Selebgram Karin Novilda, yang lebih dikenal dengan nama Awkarin, tidak memenuhi panggilan pemeriksaan sebagai saksi dalam kasus dugaan penipuan dan penggelapan dana perjalanan umrah yang melibatkan PT Khazanah Tamma Internasional atau Hanania Group. Awkarin dijadwalkan untuk memberikan keterangan pada Senin, 8 Juni 2026, namun ia tidak hadir tanpa memberikan alasan yang jelas.
Pemeriksaan Selebgram Lain
Selain Awkarin, penyidik Polda Metro Jaya juga menjadwalkan pemeriksaan terhadap beberapa selebgram lainnya pada hari yang sama. Mereka adalah Muhamad Miftahuda atau Keanu Angelo, Sara Gibson, Audrey Jesselyn, dan Dara Arafah. Dari semua nama tersebut, hanya Keanu Angelo yang hadir memenuhi panggilan. Dalam pemeriksaan, Keanu dicecar 28 pertanyaan yang berkaitan dengan kerja sama endorse, kontrak, fasilitas, pembayaran, serta legalitas travel umrah tersebut.
Kabid Humas Polda Metro Jaya, Kombes Budi Hermanto, menyatakan bahwa Awkarin tidak hadir tanpa keterangan.
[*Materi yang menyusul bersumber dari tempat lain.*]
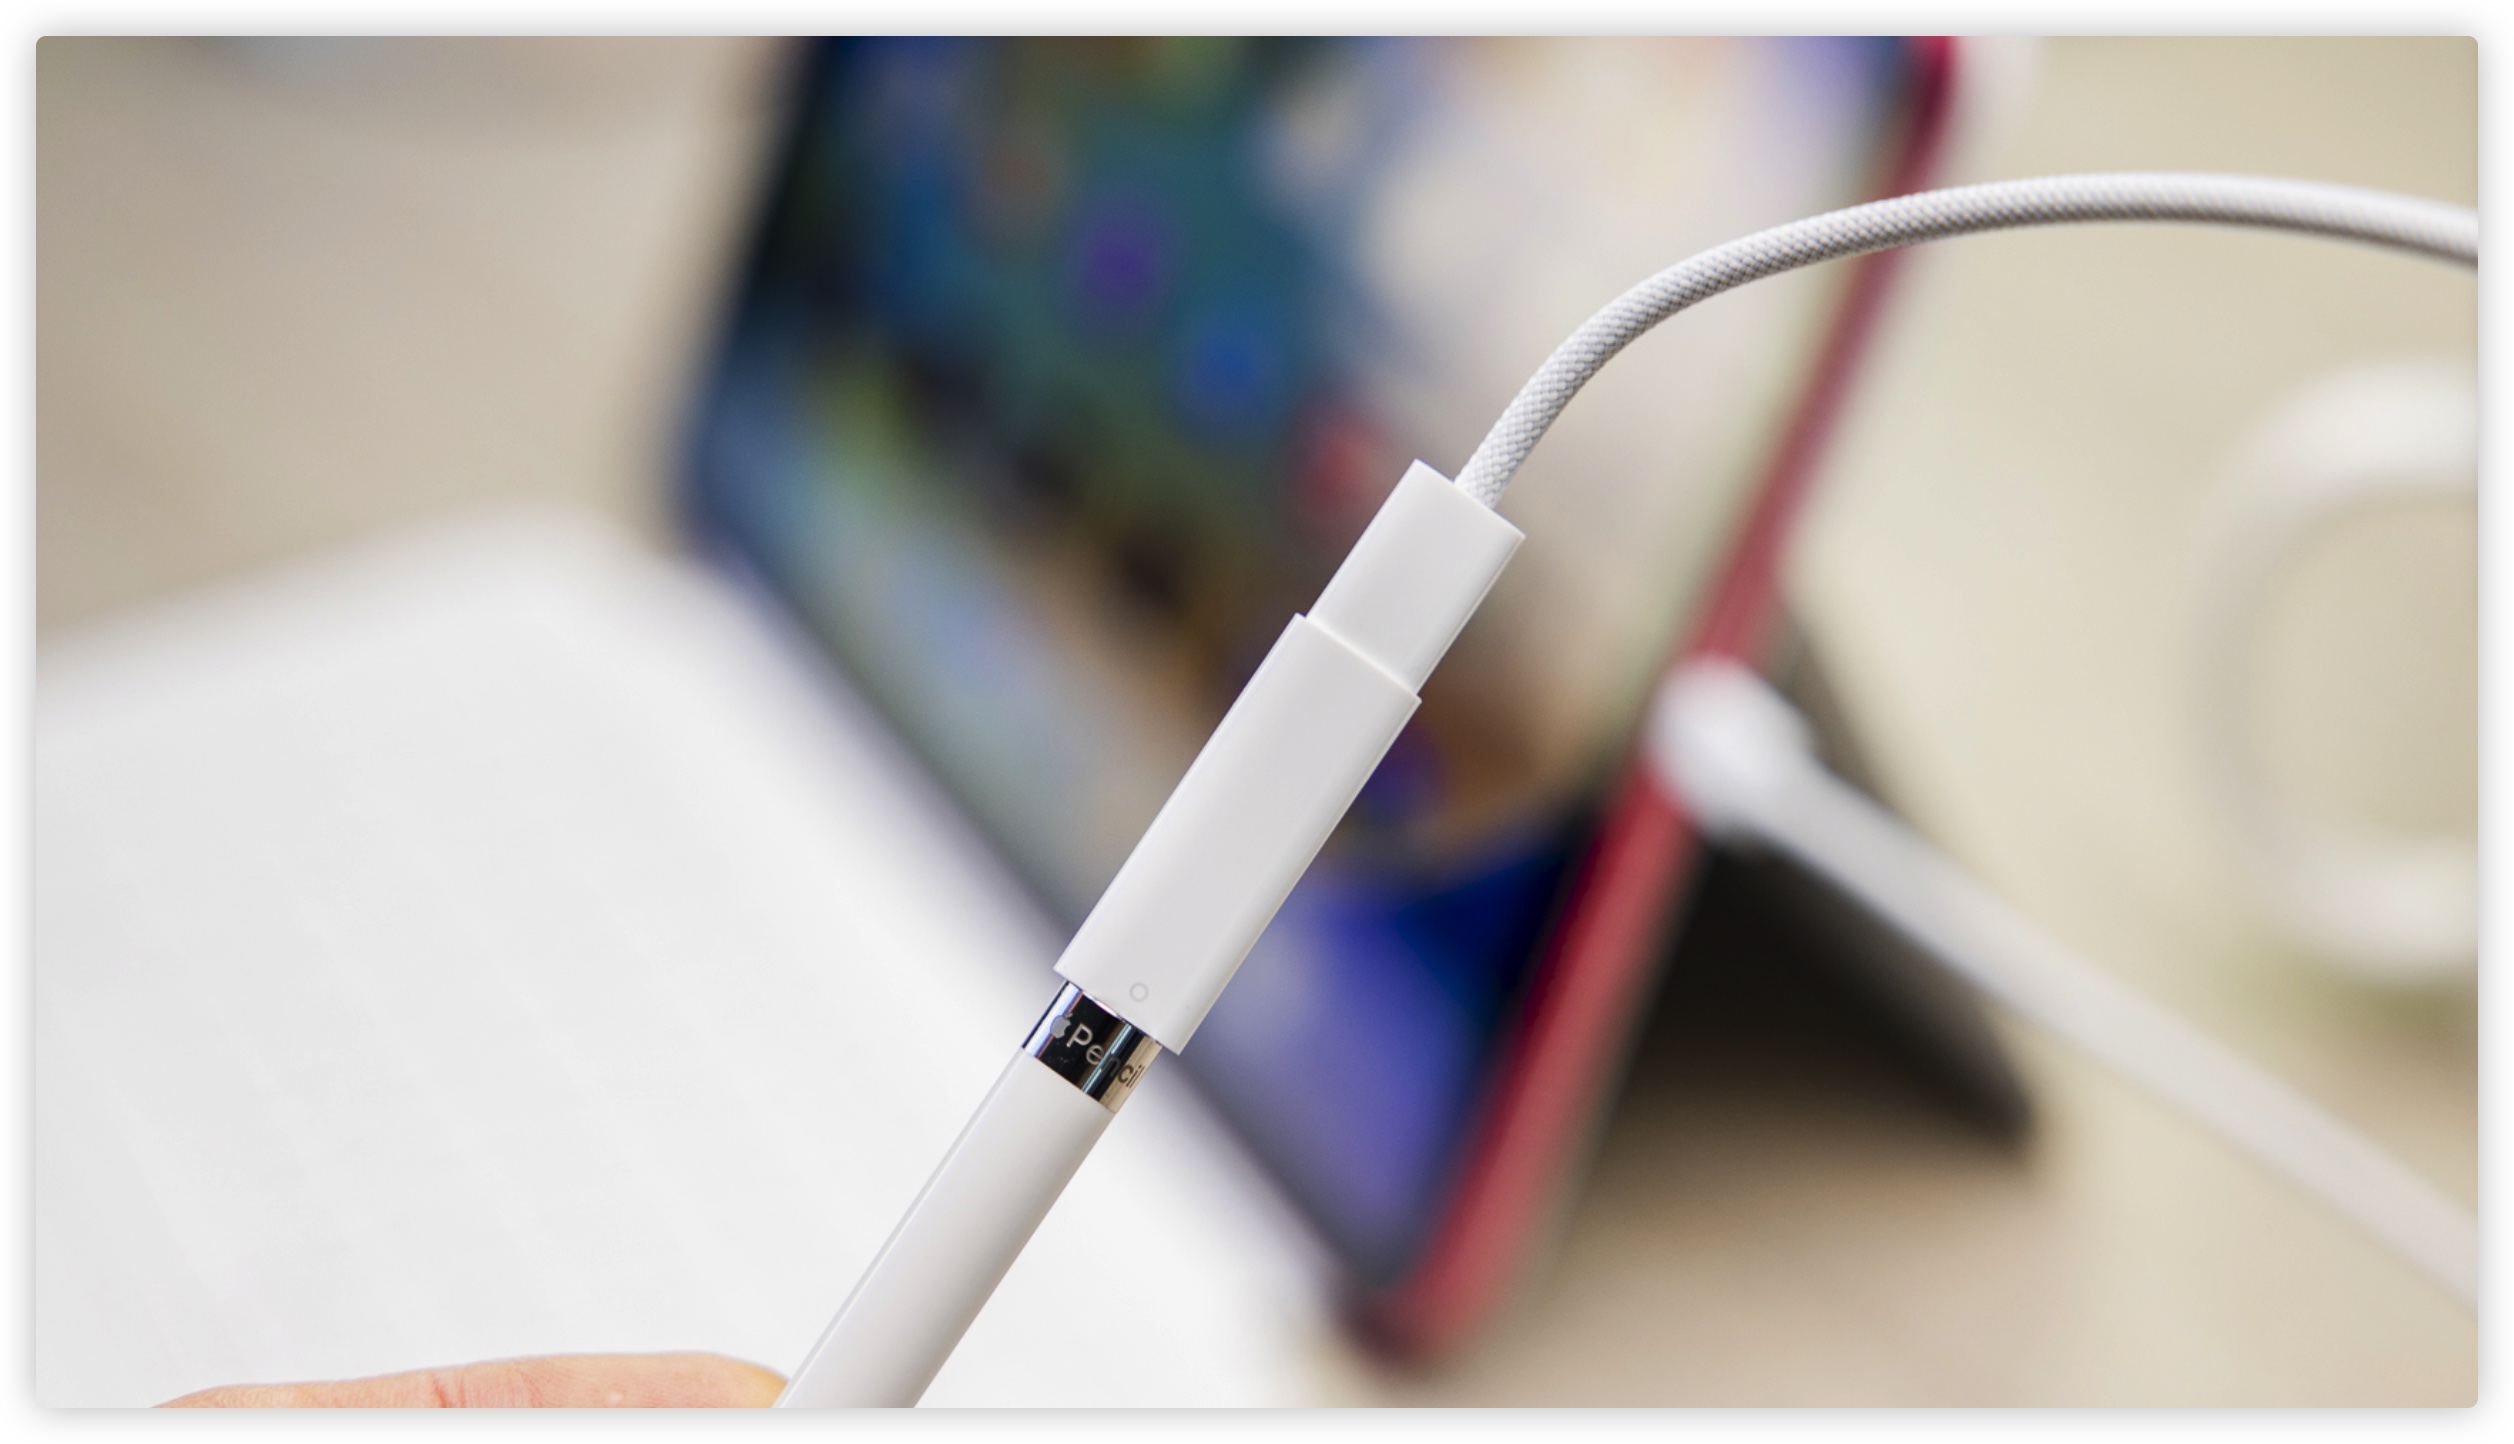 Apple Pencil 充電 電量顯示
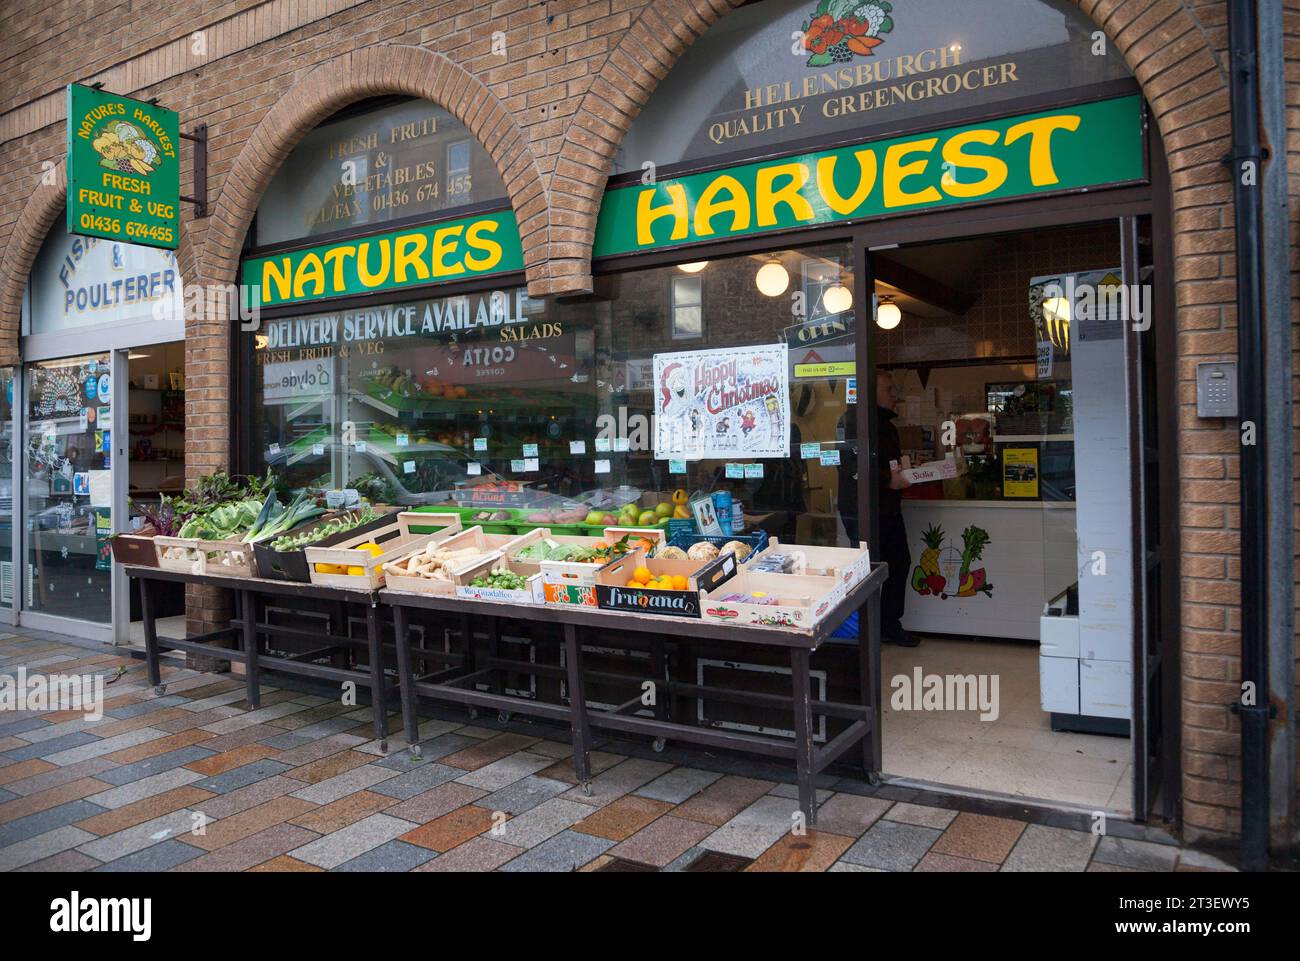 Natures Harvest - greengrocer on West Princes St, Helensburgh Stock Photo

Sementara itu, Sara Gibson, Audrey Jesselyn, dan Dara Arafah juga belum hadir dan dijadwalkan ulang untuk pemeriksaan pada 12 Juni 2026.
Tersangka dan Pasal yang Dijerat
Sebelumnya, polisi telah menetapkan Direktur Utama PT Khazanah Tamma Internasional atau Hanania Group, Ahmad Syah Farhan, sebagai tersangka dalam kasus dugaan penipuan dan penggelapan dana perjalanan umrah pada Jumat, 29 Mei 2026. Farhan kini telah ditahan dan dijerat dengan Pasal 492 Undang-Undang Nomor 1 Tahun 2023 tentang KUHP, serta Pasal 486 dan Pasal 607 KUHP.
Penggunaan Dana Jemaah
Dari hasil penyidikan sementara, terungkap bahwa uang yang disetor oleh calon jemaah digunakan untuk kepentingan di luar proses pemberangkatan jemaah. Selain itu, dana tersebut juga digunakan oleh tersangka untuk membayar sejumlah influencer dalam rangka promosi paket umrah. Hal ini menunjukkan adanya penyalahgunaan dana yang seharusnya digunakan untuk keberangkatan umrah para jemaah.
Kasus ini terus berkembang dan pihak kepolisian masih melakukan pendalaman lebih lanjut. Pemeriksaan terhadap para selebgram yang terlibat diharapkan dapat mengungkap lebih banyak fakta terkait dugaan penipuan dan penggelapan yang dilakukan oleh Hanania Group.